1. Running Ventura on 2017 iMac (Core I7) with 1 Tb memory with 500GB used. My Main computer.
2. Have an iMac M1 running Sonoma but only 256GB memory.
3. I have an Acasis NVME TB4 drive with 2TB SSD

Possible Solution?
1. Make the Acasis a bootable Sonoma Drive attached to the iMac M1
2. Boot into Sonoma with the SSD
3. Attach the 2017 iMac to the M1 iMac
4. Run Migration assistant to copy over 2017 to M1

Will I now be able to use my M1 iMac as my Main with all the prior 2017 accounts moved over?

Thank you in advance!

MM
 

Fishrrman

macrumors Penryn
Feb 20, 2009
29,233
13,304
I think you can do what (I think) you're proposing.

Connect the Acasis external to the NEW iMac.

I would "wipe it clean" first using disk utility.
(in disk utility, MAKE SURE you go to the view menu and choose "show all devices" -- or you may not be able to see the physical drive in "the list on the left").

Then, I'd install Sonoma onto the external drive.

When the install is done, begin setup.
At this point you want to connect the OLD iMac ... I'd try ethernet.

Use setup/migration assistant to migrate everything from the OLD iMac to the Acasis drive.

Now you should be able to boot/run from the external drive if you want.

BUT BE AWARE:
Booting/running from the external drive (unless it's thunderbolt) will be somewhat slower than it would be to boot/run from the NEW iMac's internal SSD.

Can you live with that?
 

FreakinEurekan

macrumors 604
Sep 8, 2011
6,539
3,417
Yes, you could do as you describe.

I wouldn't personally do it that way... I'd still boot & use the internal SSD as primary, for the reasons @Fishrrman stated - performance is better.
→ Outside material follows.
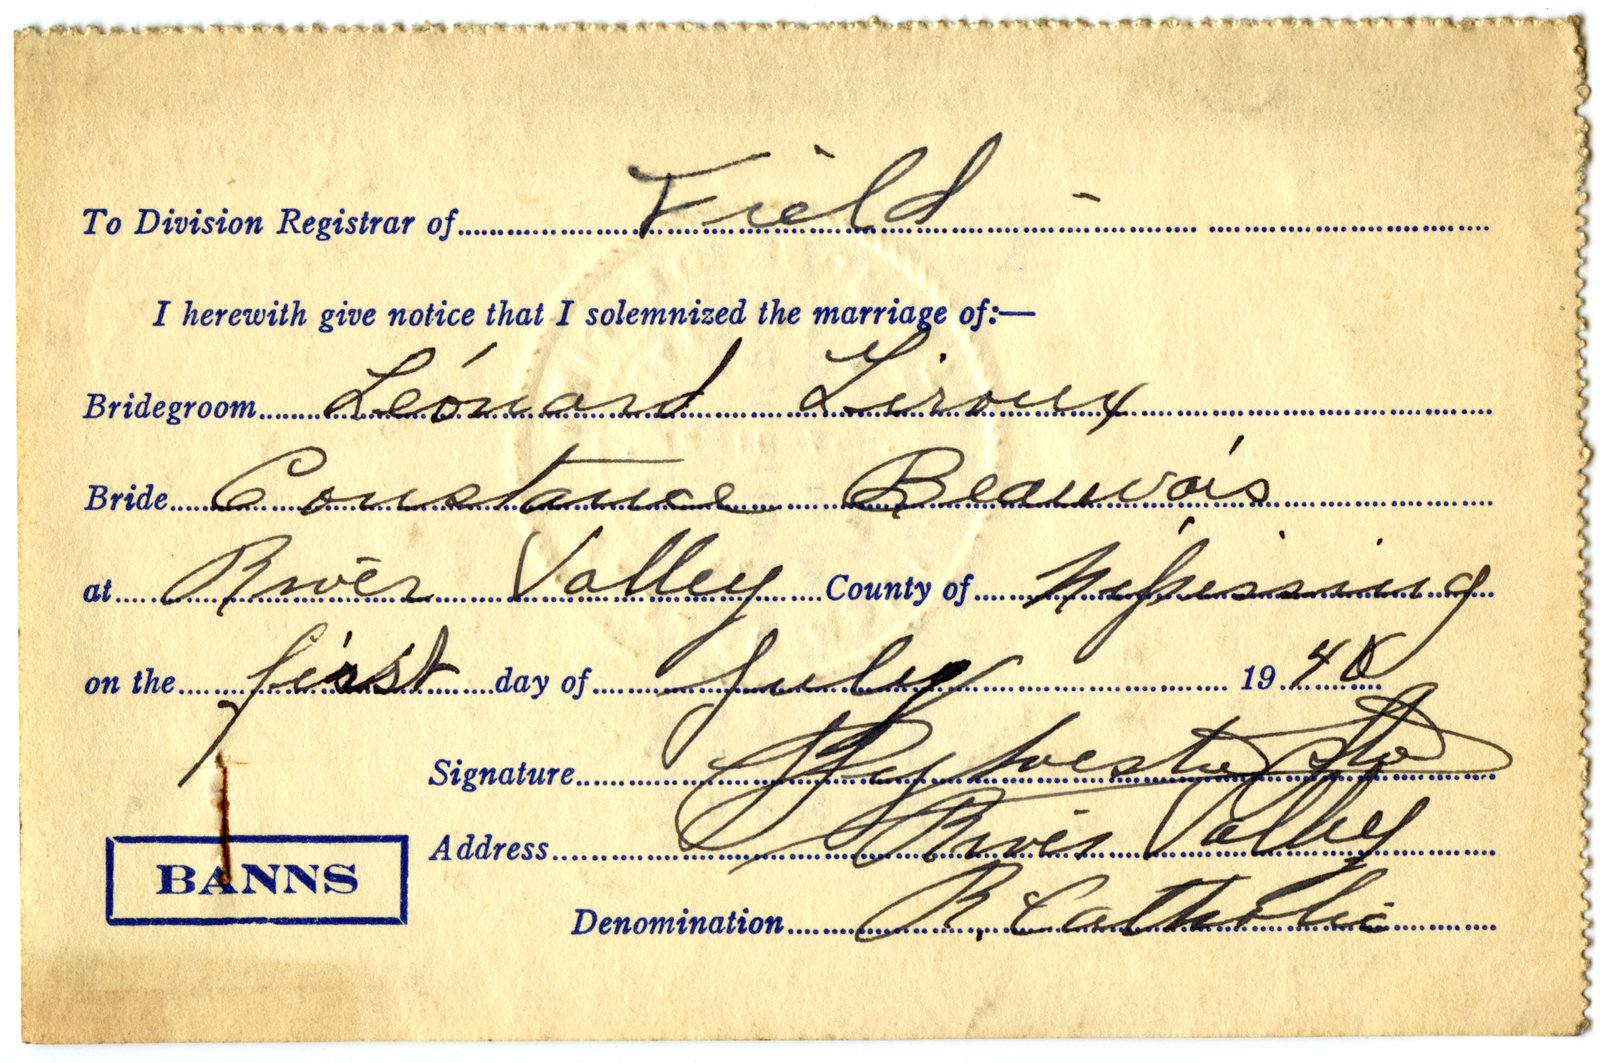 Certificat de mariage de / Marriage certificate of Léonard Giroux & Constance Beauvais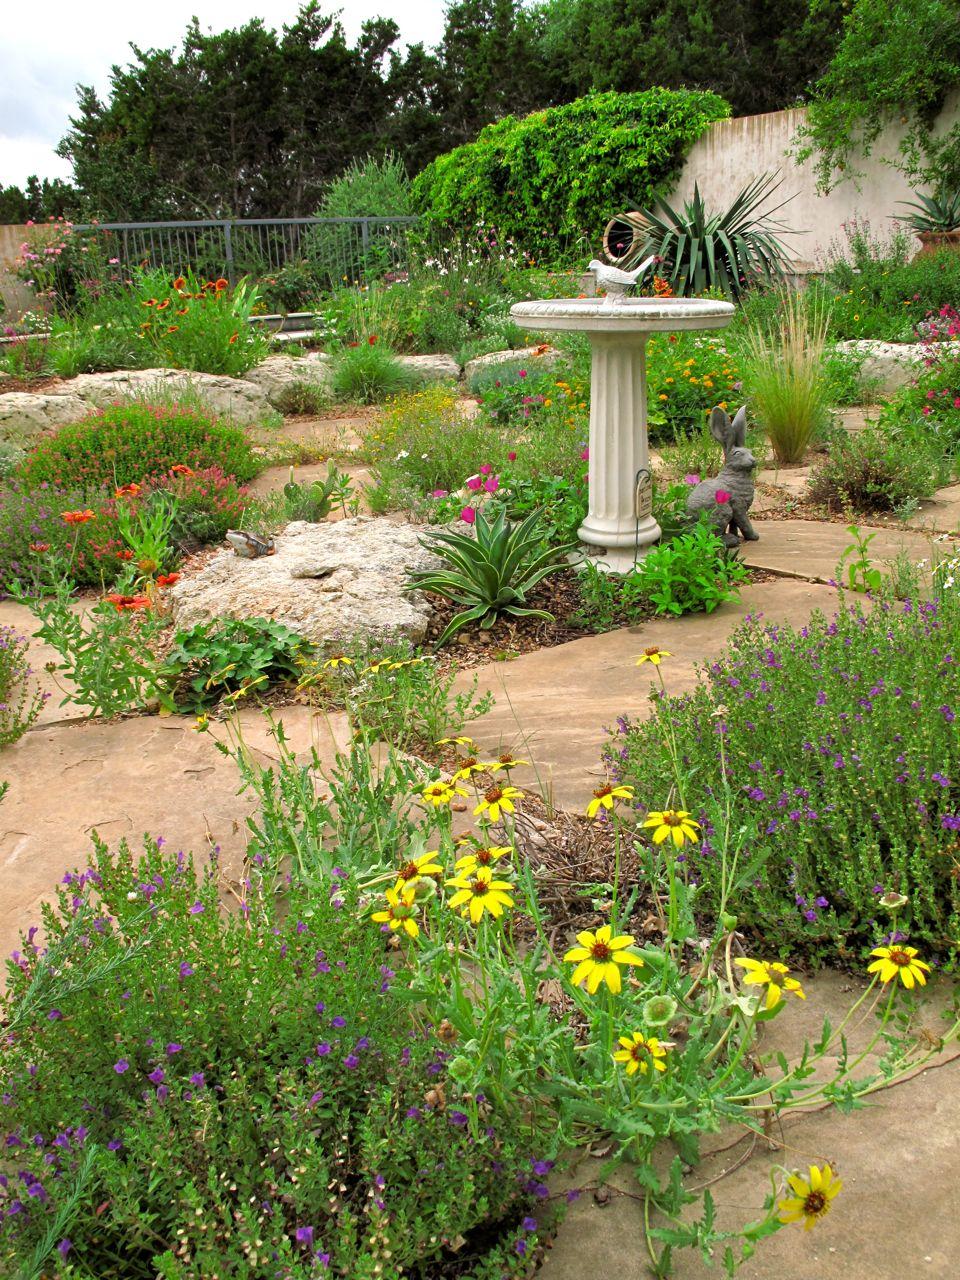 Rock rose small plants for the sunken garden for Plants for small gardens

You can store "Data" on the external, even with the user account on the internal.

There are a couple of possible ways to accomplish that; you might still be able to use Migration Assistant but un-tick "Documents and files from apps." Chances are, that will remove enough of your 500GB to let it migrate successfully. Then you'll manually copy over your data to the external disk.

If that doesn't bring the size down enough for the new Mac, you might be able to also eliminate Apps from the migration; you'd have to reinstall your apps manually. Or you could go complete manual on the migration.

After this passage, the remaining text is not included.